Dos fatos narrados consta a insistência da delegada em mandar intimar o senhor Antônio de Carlos Portela, que chegou até a comparecer à Delegacia da Mulher, ocasião em que a delegada teria se mostrado "extremamente parcial e até mesmo grosseira".


Ora, ocorre que não haveria nenhuma relação afetiva entre o homem em questão e a mulher que o acusava perante a Delegacia da Mulher, mas se trataria sim de um suposto "conflito de vizinhança".


"E como não havia nenhuma relação afetiva do representante com a suposta vítima, requereu junto à Delegacia-Geral que os autos fossem então remetidos à delegacia da área", narra a representação.


Mas há intimações que procuram enquadrar o senhor na Lei Maria da Penha, como que sendo autor de violência doméstica.
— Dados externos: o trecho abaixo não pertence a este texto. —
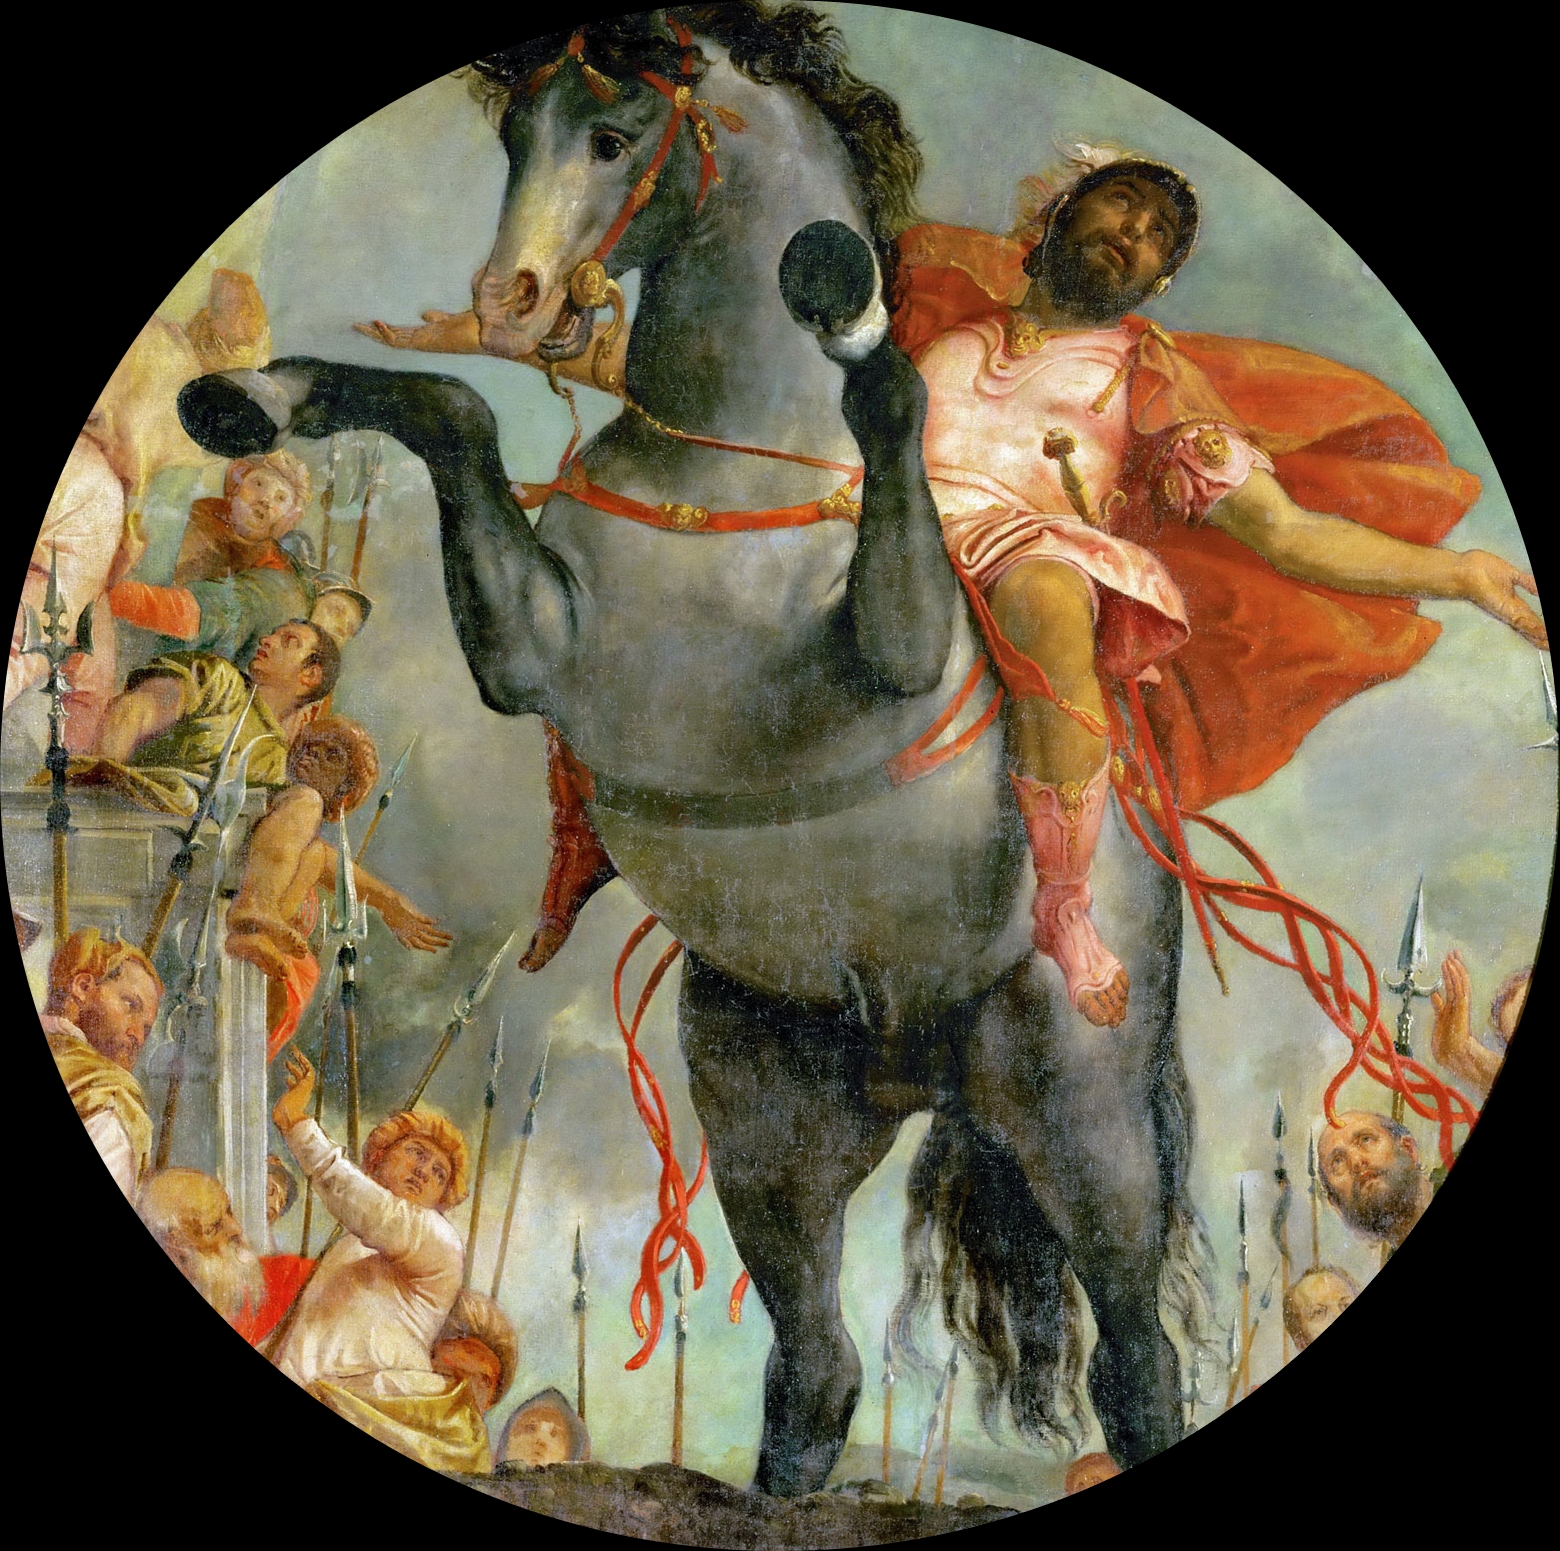 Paolo+Veronese-1528-1588 (144).jpg

ATÉ RIEDEL BATISTA PEDIU EXPLICAÇÕES
"A solicitação foi atendida pela Delegacia Geral e em resposta a ofício do delegado-geral [Riedel Batista], a representada respondeu informando que não estava sendo realizado nenhum procedimento por aquela especializada", continua a denúncia.
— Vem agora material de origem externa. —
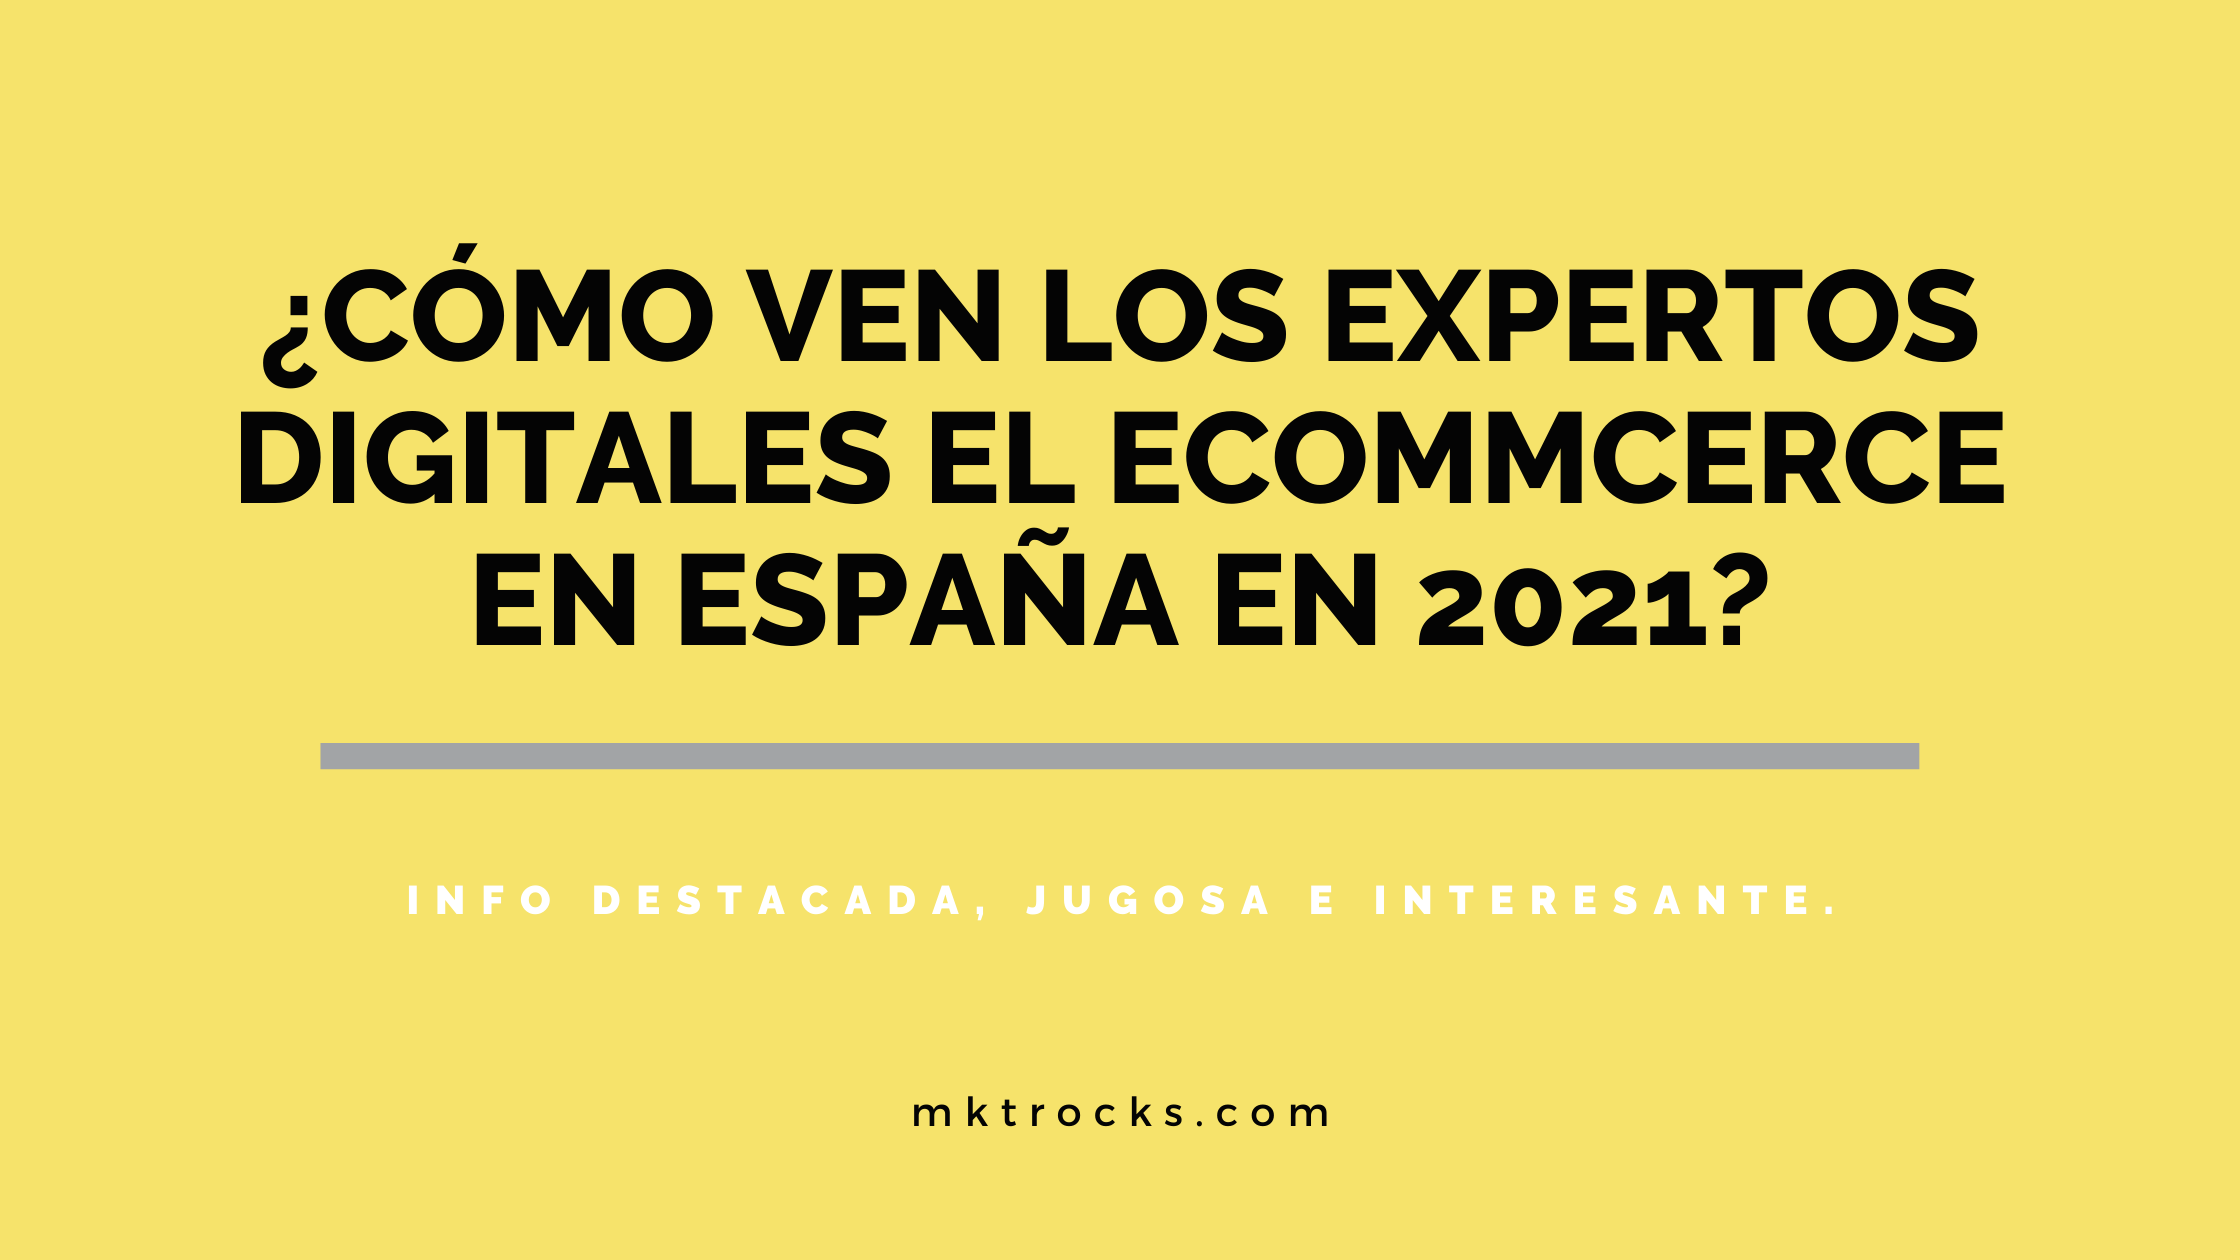 ¿Cómo ven los expertos digitales el ecommerce en España en 2021? - Informe Ecommerce

Mas ocorre que estava, com expedição de mandados mesmo depois daquela audiência na qual a delegada teria sido "grosseira".


O teor da denúncia sugere que Vilma Alves não teria sido verdadeira ao seu superior, já que não informou o que ocorreu e o que estava ocorrendo no âmbito da delegacia que comanda.


UMA GRÁVIDA FOI ATORMENTADA
A situação chegou ao ponto da delegada enviar carros de polícia para a casa do ‘investigado'. As investidas de Vilma Alves atormentaram até a mulher do senhor Antônio de Carlos Portela, que estaria grávida.


"(...) A conduta da delegada causou ao representante sérios transtornos a ele e a seus familiares, tendo em vista que neste período a esposa dele estava gestante, necessitando de uma vida tranquila que foi abalada pela constante exposição na porta de sua residência da viatura da delegacia para entrega de intimação", traz a peça apresentada pelo Ministério Público ao juízo responsável.


O caso também foi denunciado à corregedoria de polícia.